— Можно, Флегонт Васильевич, спросить тебя? — решился Николай, давно собиравшийся узнать то, что не давало ему покоя с той самой встречи, когда после двенадцатилетней разлуки снова увиделся с государевым слугой, доверительно поведавшим о неприязни к Овчине и Елене Васильевне.
— Спрашивай, — с готовностью откликнулся дьяк.
— Помнишь, когда приехал я на Москву с цесарскими послами, сказал ты мне, что не мила тебе Елена Васильевна и ты ей — враг?
— Помню, — насторожившись, ответил дьяк, — такие разговоры никто не забывает.
— А коли так, то, пожалуй, скажи: отчего ты теперь руку Елены Васильевны держишь и от врагов ее оберегаешь?
— Изволь, слушай.

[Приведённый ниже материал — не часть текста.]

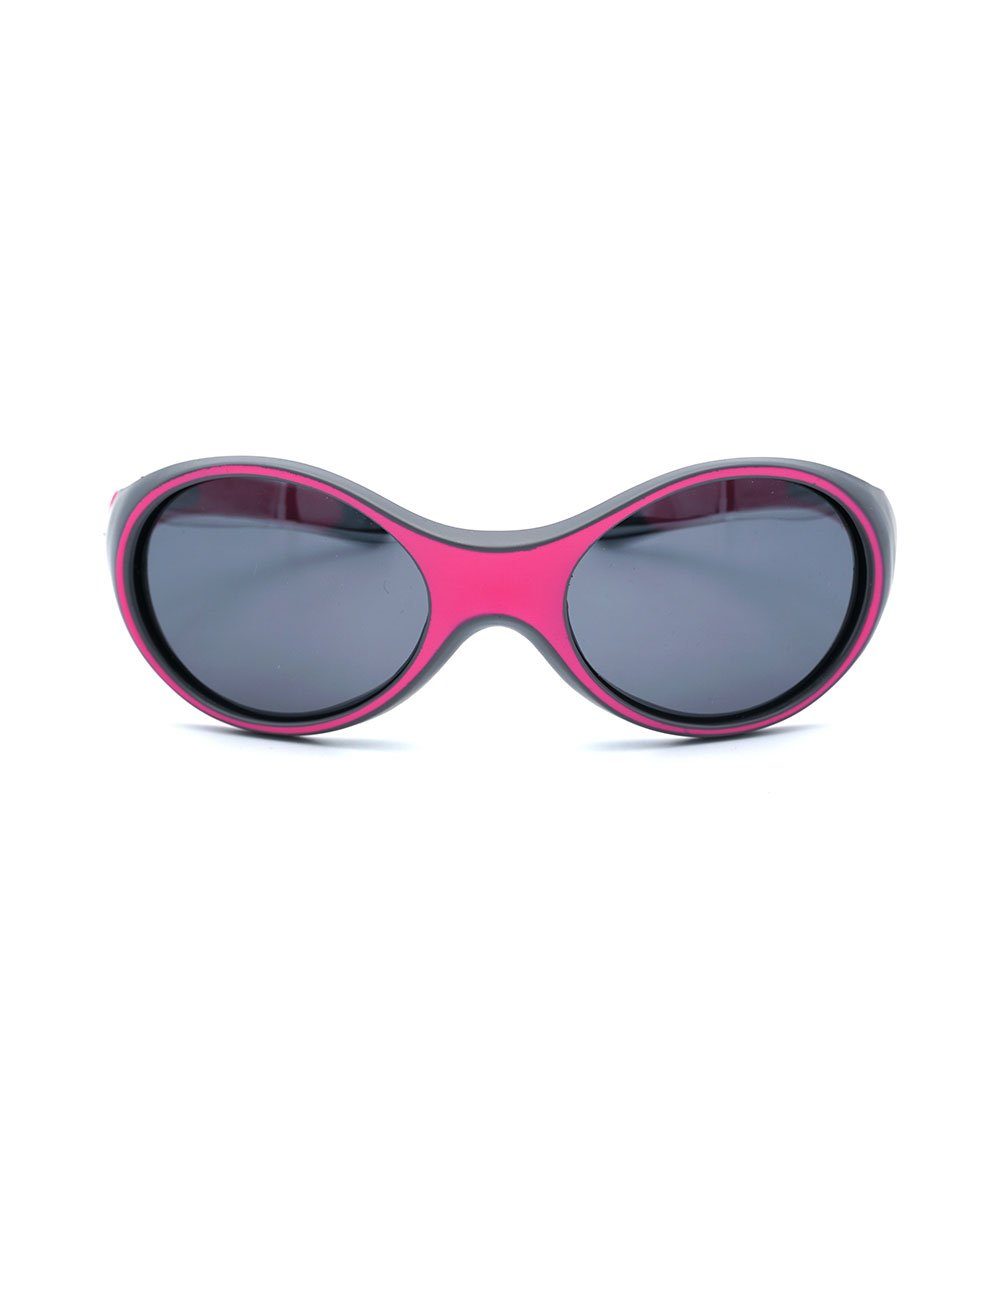 MAXIMO Sonnenbrille KIDS-Sonnenbrille 'sporty' inkl.Box,Microfaserb. pink/dark grey

Как Василий Иванович был жив, то жена его была государству его — зло. Однако ныне надобно на все смотреть по-иному: волею Божьей Елена Васильевна — великая княгиня и государыня. И, стало быть, ей и тем, кто ее руку держит, промыслом земным и небесным судьба державы вручена. Кто ей ныне враг, тот и державе враг. Никогда, Николай, не было у России недругов злее, чем своевольные бояре и непокорные княжье. Эти вороги во сто крат лютее крымцев, а ныне такие недруги — князья Юрий да Андрей и старые удельные волки — пока тайно точат клыки, готовясь Русь, что овцу без пастуха, на части разорвать. Волею Божьей Юрий в тюрьме сидит, но сколько их еще на воле гуляет! И среди них самый матерый твой господин — наивеличайший в делах крамол и заговоров умелец и хитрец. Так неужто неприязнь моя к Елене Васильевне станет выше великого дела, отданного на мою заботу и покойным государем мне завещанного?

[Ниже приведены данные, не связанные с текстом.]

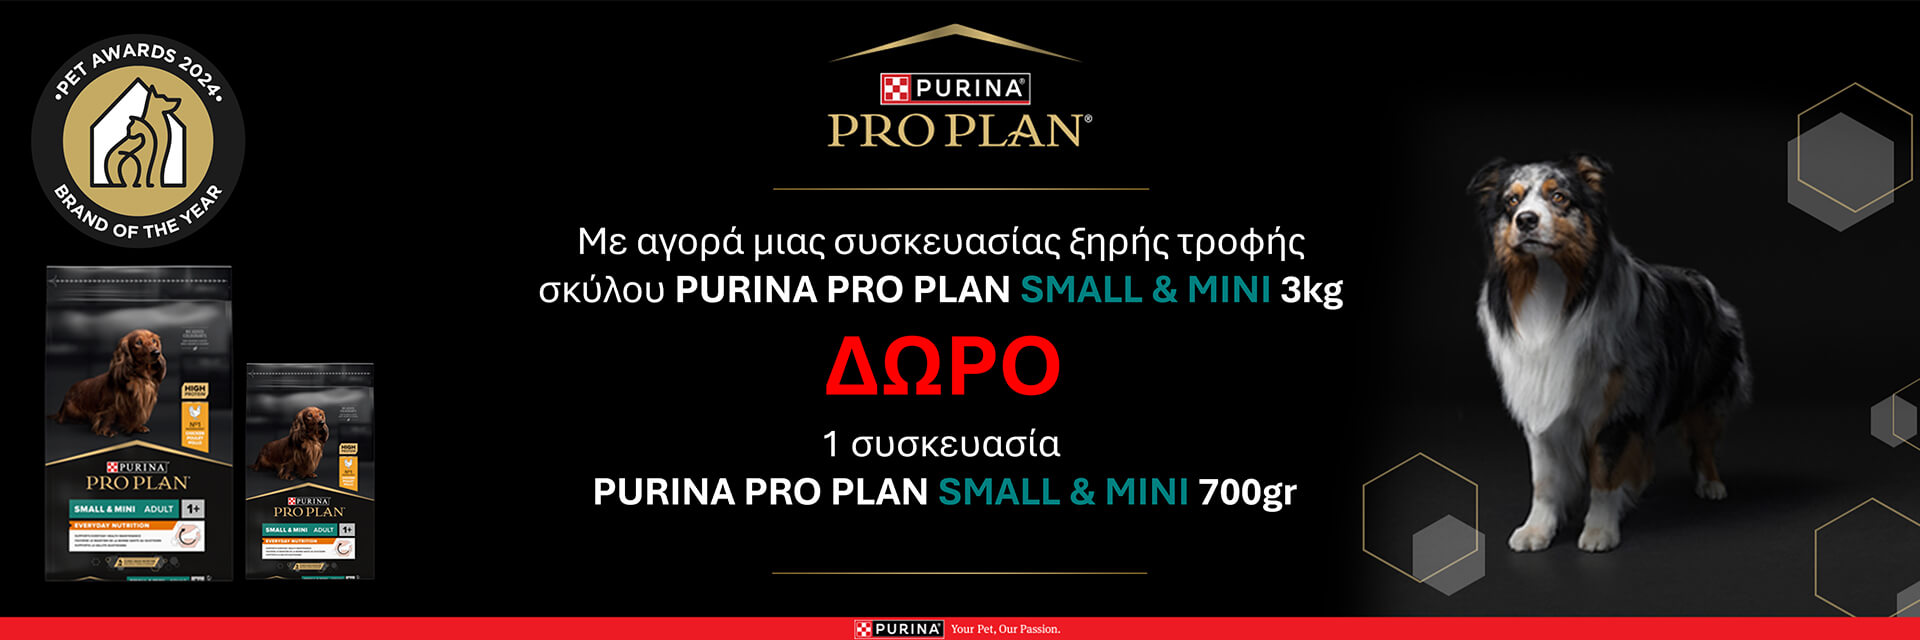 proplan_offer

Николай с нескрываемым восхищением поглядел на Флегонта Васильевича и воскликнул без всякой лести, подчиняясь только нахлынувшим на него чувствам:
— Храни тебя Господь, Флегонт Васильевич! Истинно говорю, у такого пастыря, как ты, волки ни одной овцы не задерут!

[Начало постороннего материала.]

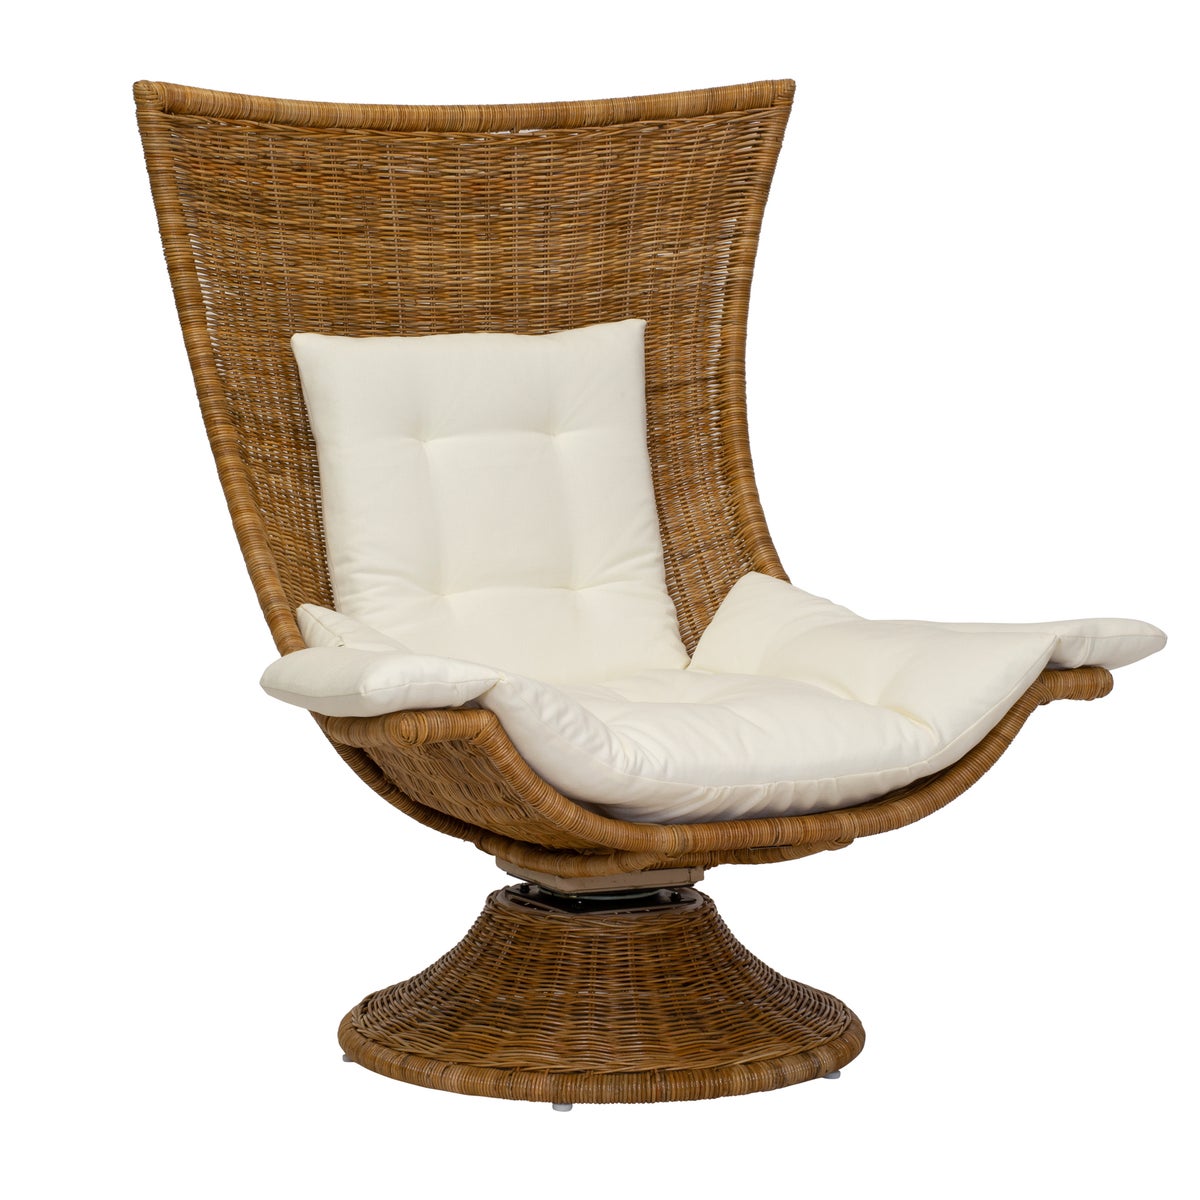 Healdsburg Swivel Chair in Natural

И снова наступили для Михаила Львовича бессонные ночи. Как прежде, встав во внеурочный глухой и темный час, бродил он привидением по пустым покоям. То садился в кресло и, запрокинув голову, вперялся в потолок, в одну точку, замирая надолго; то, прислонившись лбом к оконной раме, глядел на занесенный снегом двор, на лунное серебро, рассыпанное по голубым сугробам, на заиндевевшие грачиные гнезда — пустые и одинокие. Падая в постель, закидывал руки за голову и лежал во тьме с широко раскрытыми глазами, призывая видения давно отлетевшей молодости, впору отошедшей зрелости, недавно подступившей старости.
Вспоминал Клёцк, умирающего короля Александра, толпу ехидн, отрыгающих яд, заслоняющих путь к литовскому трону.
Затем на память приходил Туров, русские князья и дворяне, вручившие ему свои судьбы, чтобы в католическом Польско-Литовском государстве была бы у них и своя православная держава, в которой не высилась бы латынская рука над русскою и сидел бы владетельным князем он, Михаил Глинский.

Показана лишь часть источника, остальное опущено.